A round, personal equation
The Chinese are in love with the idea of roundness. To them, it symbolizes continuity. Their Temple of Heaven in Peking, with its triple roof of "Ming," or "royal," blue melting into the sky of a late afternoon, is round. So is their "bee" or symbol of heaven, generally fashioned of jade and used over the centuries by emperors in their prayers for annual harvests.
Their favorite gifts are bracelets. And their favorite foods appear to be apples and oranges.
On a recent trip to China, I was served apples and oranges at almost every meal in all six cities I visited. Markets everywhere have large open stalls with huge bins of apples and oranges. And I remember purchasing a tangerine to enjoy while observing the compelling vista of West Lake in Hangchow.
I think that this painting of Chu-ta, "Moon and Watermelon," is in line with the Chinese romancing of the idea of roundness.
Chu-ta (1926-1706), one of the great artists of the Ching Dynasty (1644-1912) , was a descendant of the Ming imperial family (1368-1644); and upon the fall of the Ming Dynasty, when he was about 20, he became a Buddhist monk.
His paintings are strong, highly personalized, and impressionistic. He has great originality, great dash and economical flair, combined with fine control and a deceptive ease.
I think that Chu-ta was drawn to the subject of "Moon and Watermelon" on several counts. As a Chinese, he was not only fond of the subject of roundness, but also of the moon, (a fondness common in China.) And as a Buddhist, he was drawn to the fruits of the earth, in line with the "witness the earth" position, one of the more common positions of the Buddha, in Buddhistic iconography.

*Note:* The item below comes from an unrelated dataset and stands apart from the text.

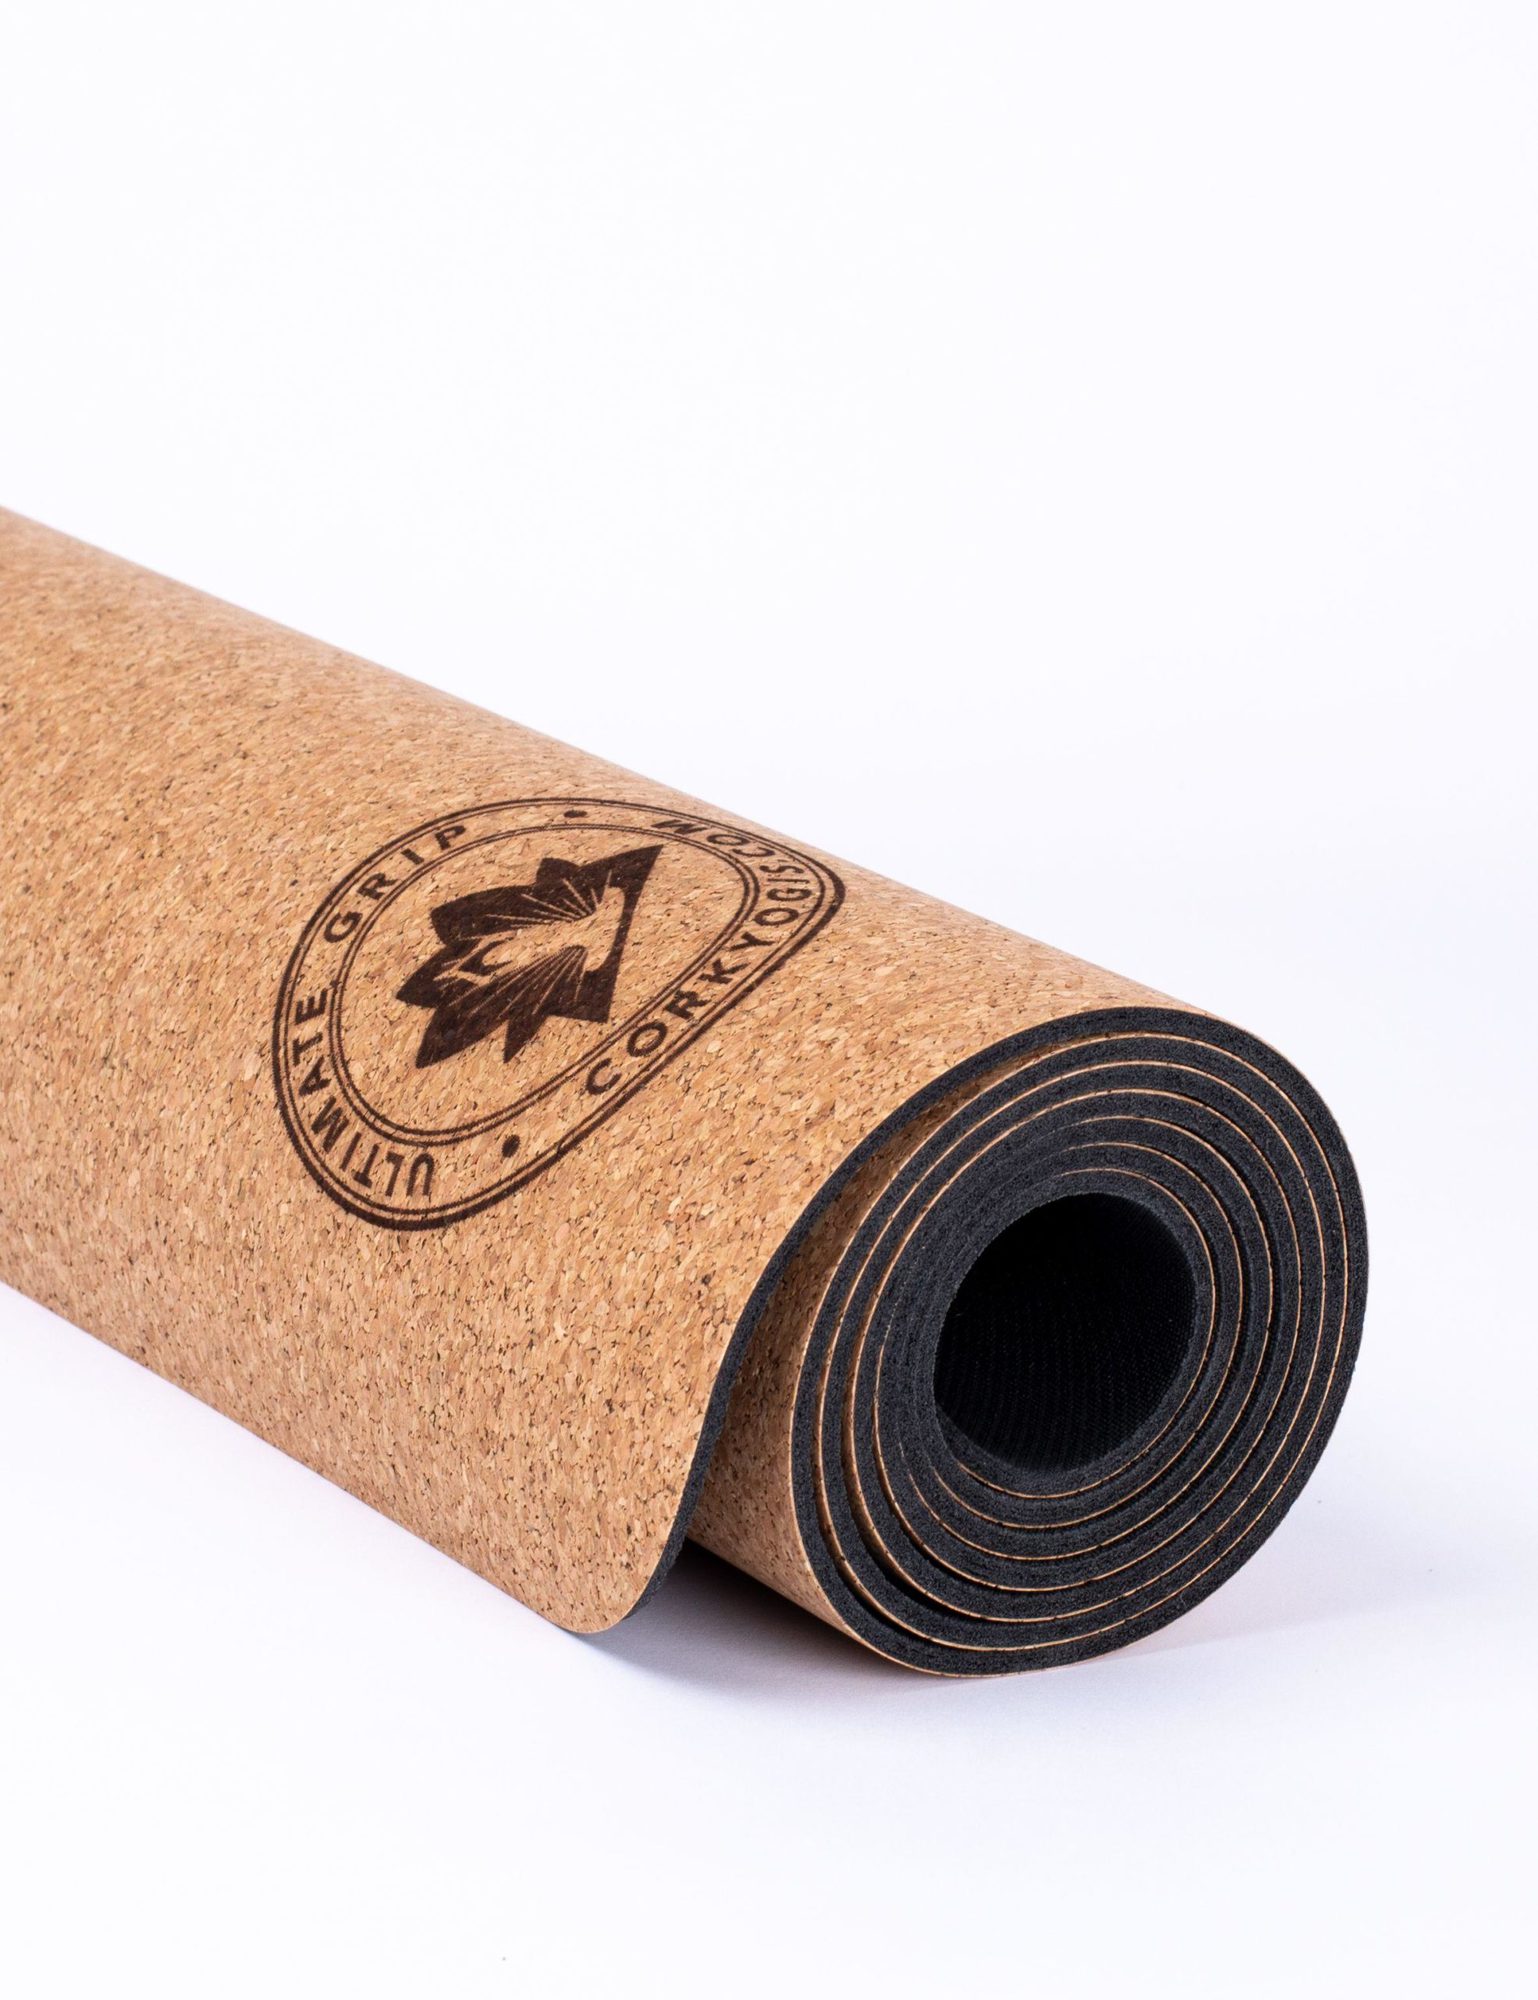 The Premium Yogi Cork Yoga Mat

But somehow I think that there is more to this sparse, "contemporary," and rather witty painting by Chu-ta. The inclusion of the watermelon into the orbit of the moon suggests an intimacy of the relationship, a sharing of a common bond. It is the high water content of the melon which brings it into the Yin family of water and the moon.
And while the main thrust of the relationship is between the melon and the moon, I feel that there is also, in the momentary departure from rotundity, a suggestion of closeness to the earth. The outward-downward movement of the lower right, with a straighter linear eventuation, suggests to me the melon's resting on the earth. Chu-ta not only describes his melon as in closest relationship with the moon; he brings it at the same time into contact with the earth.
The picture then becomes not anything apart, remote, distant from ourselves -- but an integral projection of ourselves. Like the melon, we, too, incorporate the water and we lean upon the land. "Moon and Watermelon" becomes a mirror of ourselves -- another example of the immediacy of Chinese art, and of its personal equation.